An exact restatement of the entire listing is needed, excluding all images.

Data:
*** Begin section ***

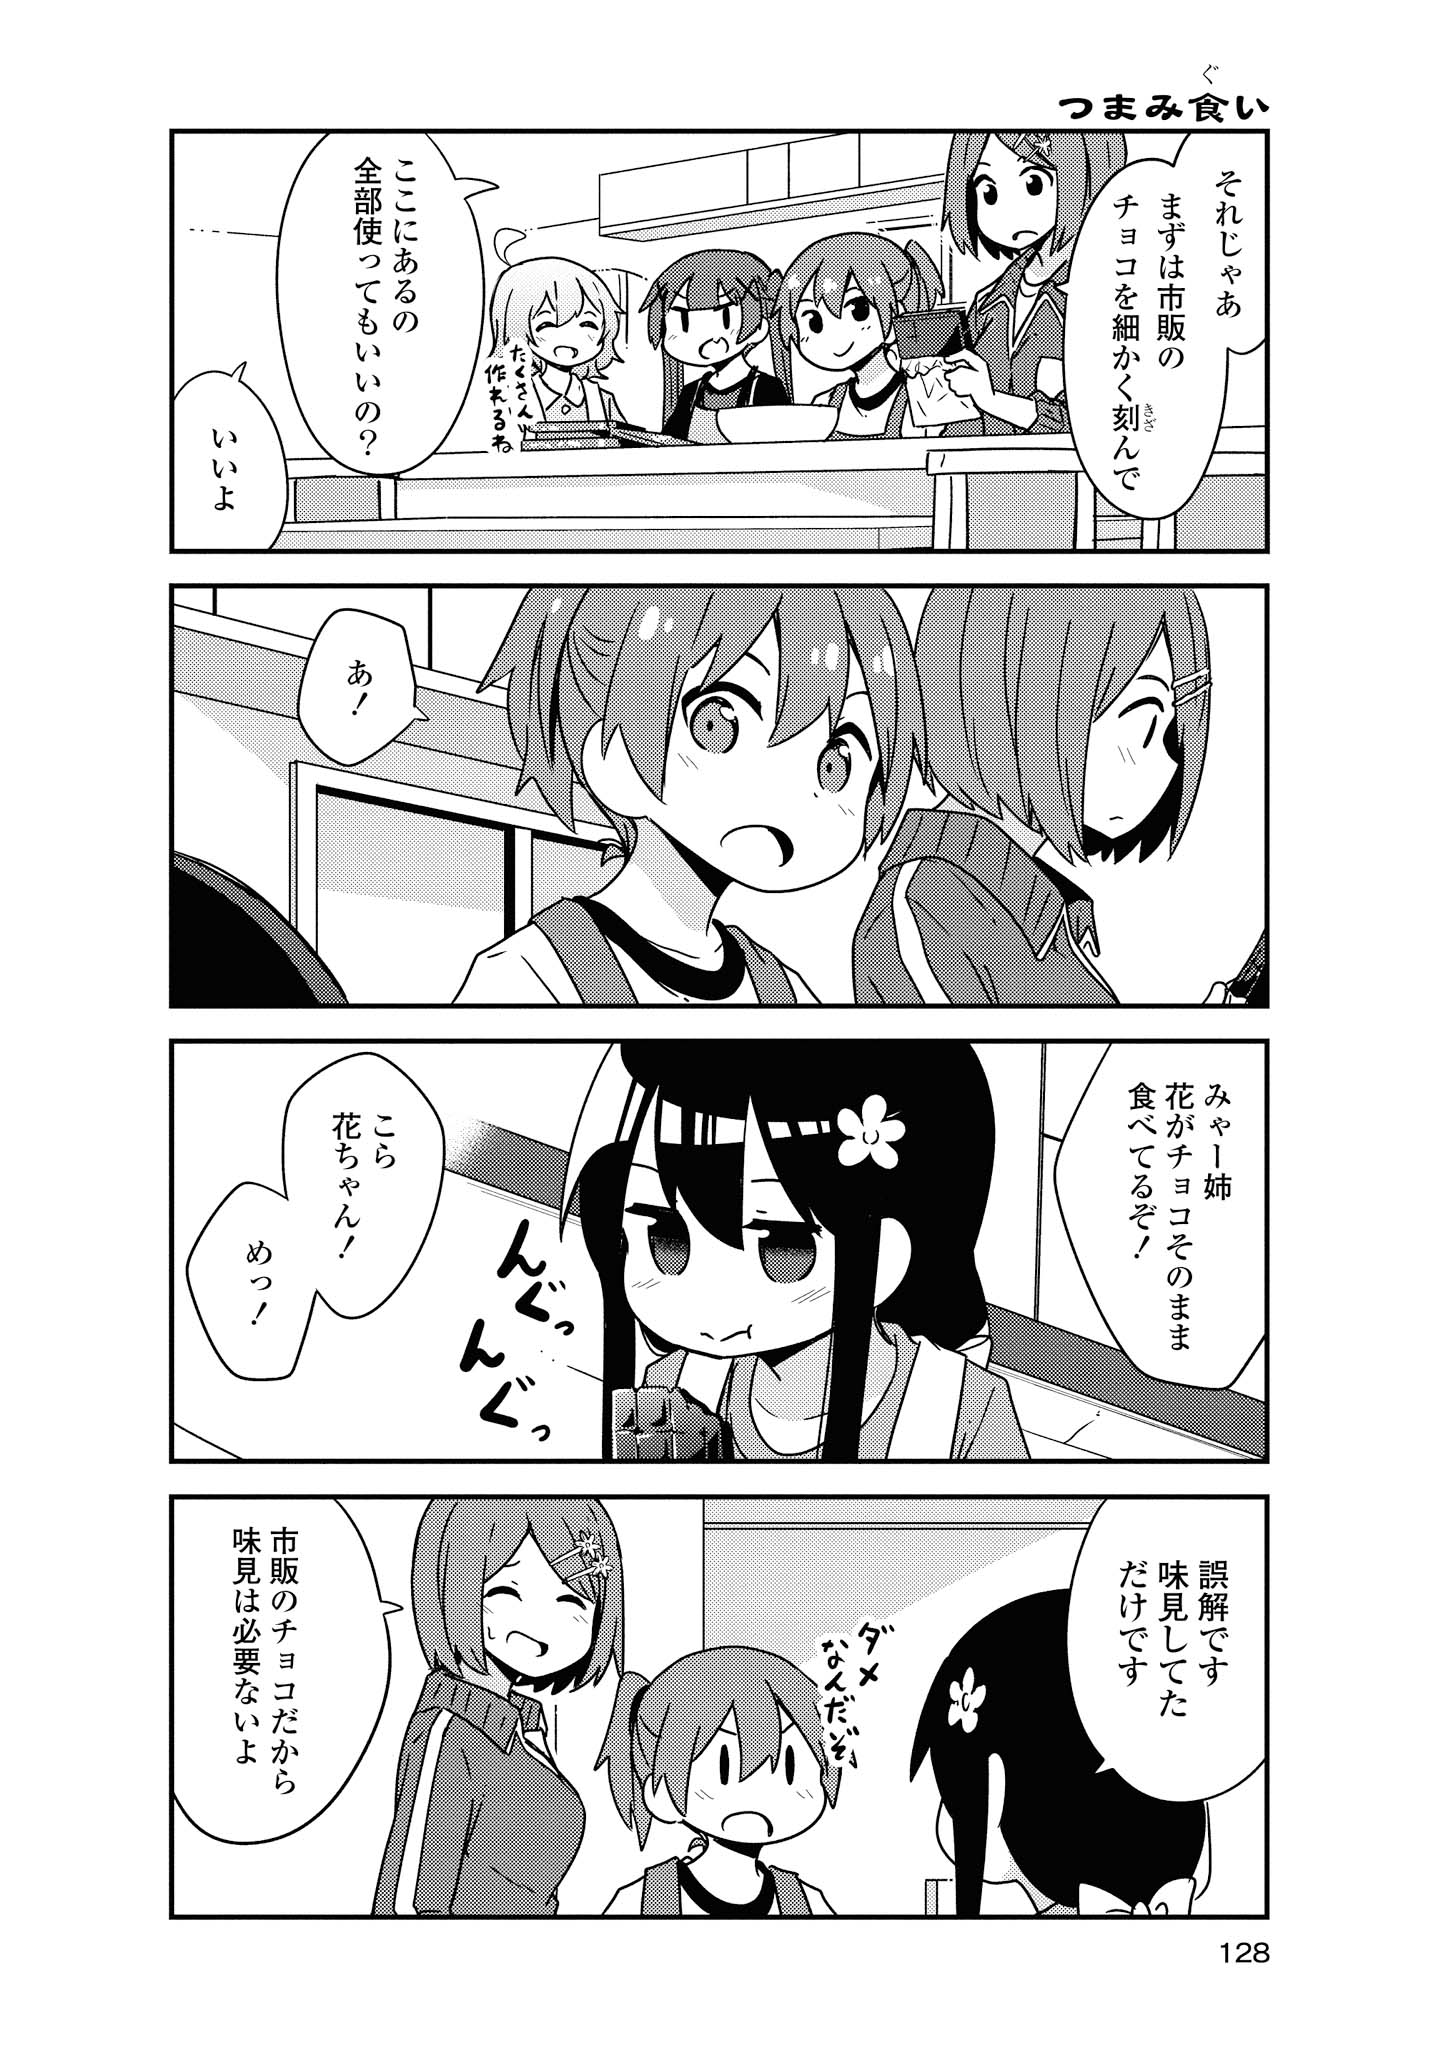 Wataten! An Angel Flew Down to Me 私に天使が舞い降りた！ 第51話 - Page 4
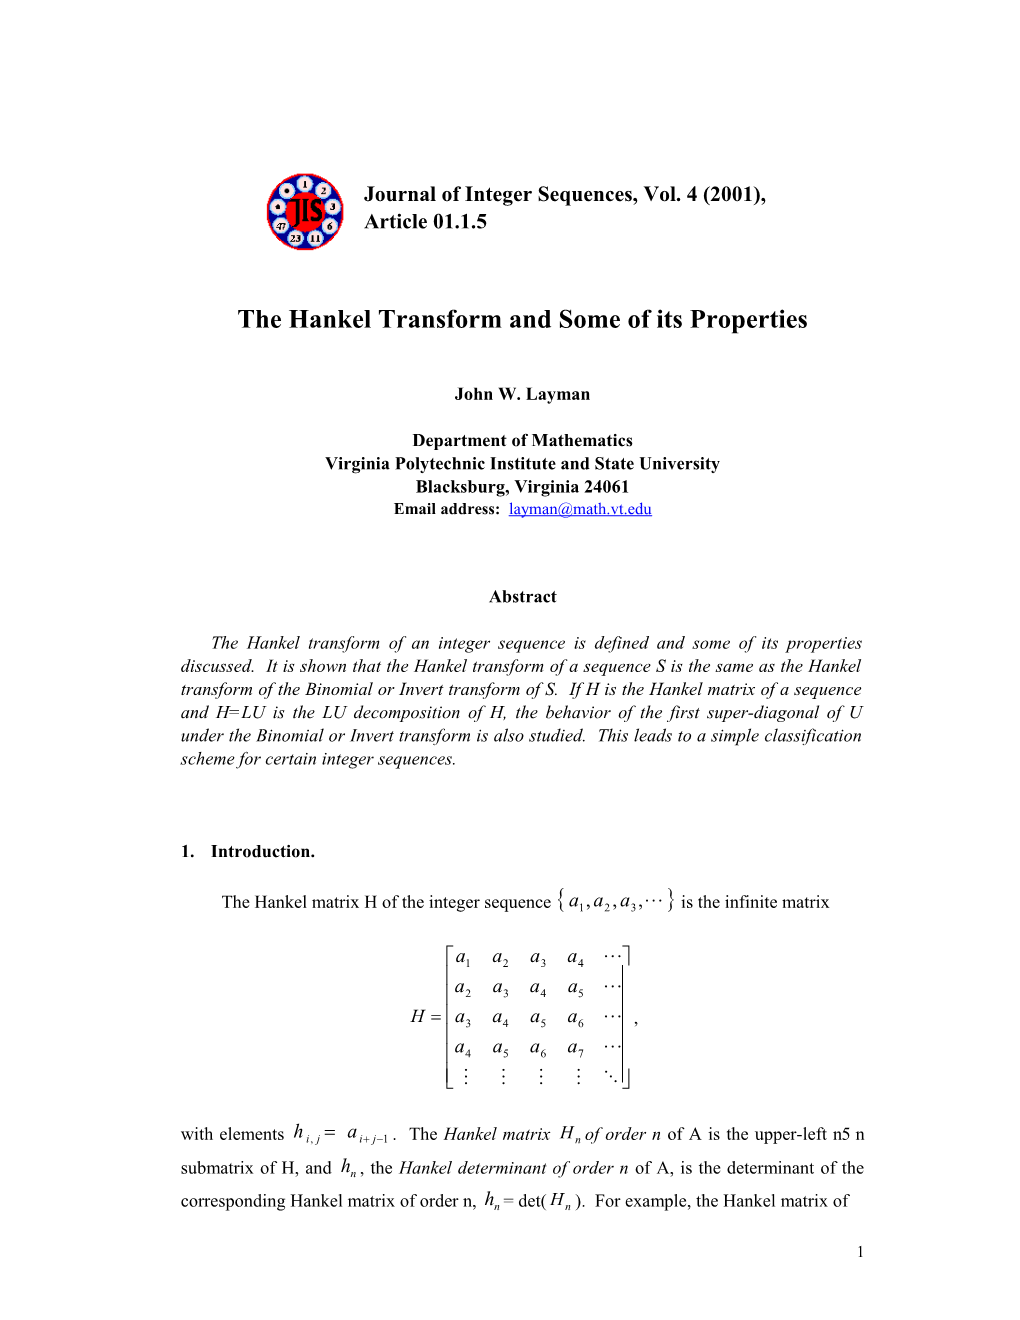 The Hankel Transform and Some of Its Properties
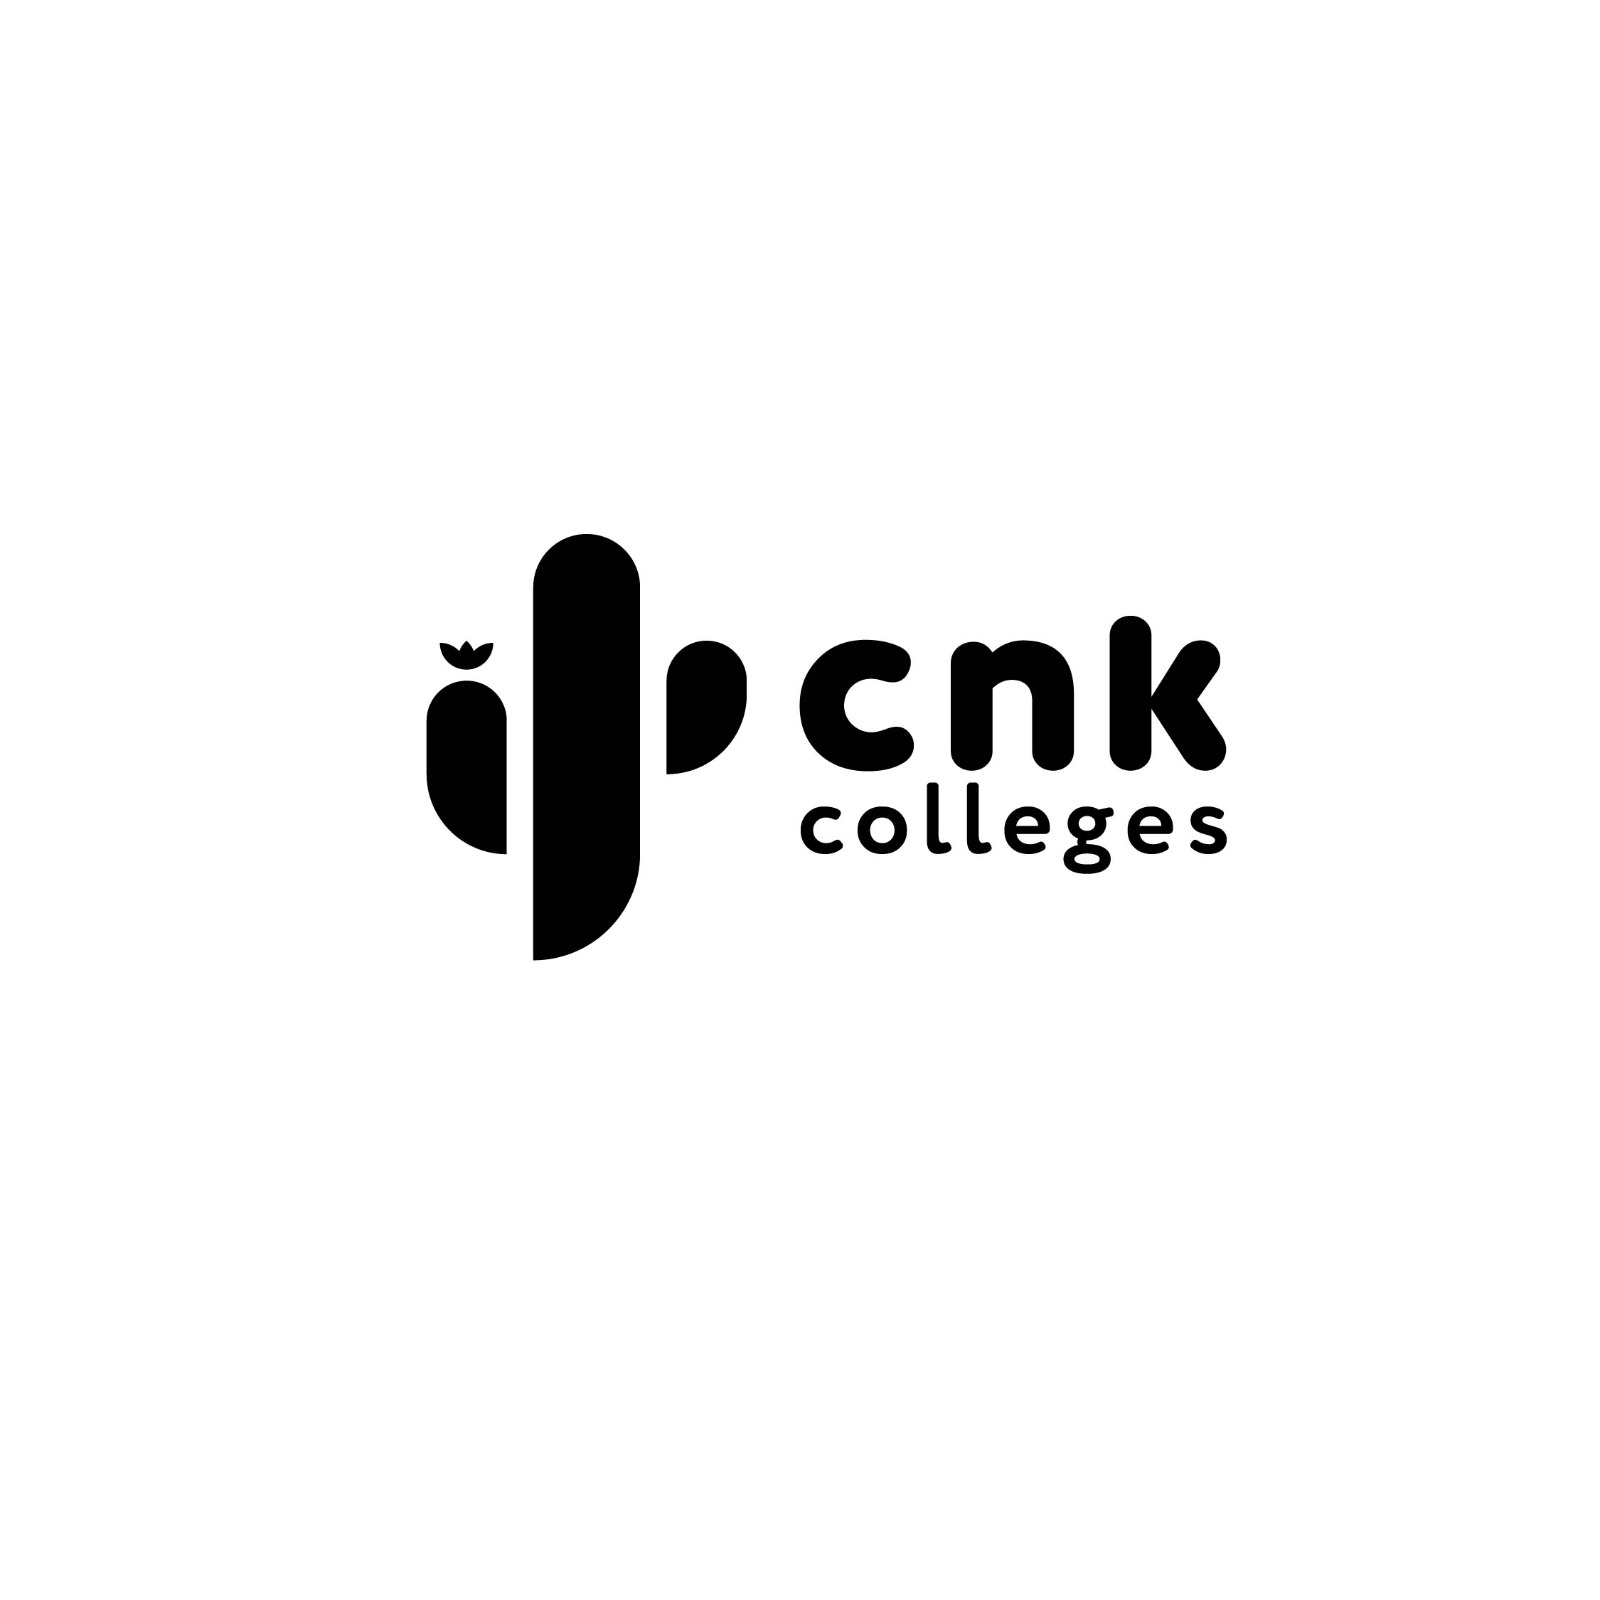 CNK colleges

*** End section ***

Result of this task:
 Wataten! An Angel Flew Down to Me 私に天使が舞い降りた！ 第51話 - Page 4
 The Hankel Transform and Some of Its Properties
 CNK colleges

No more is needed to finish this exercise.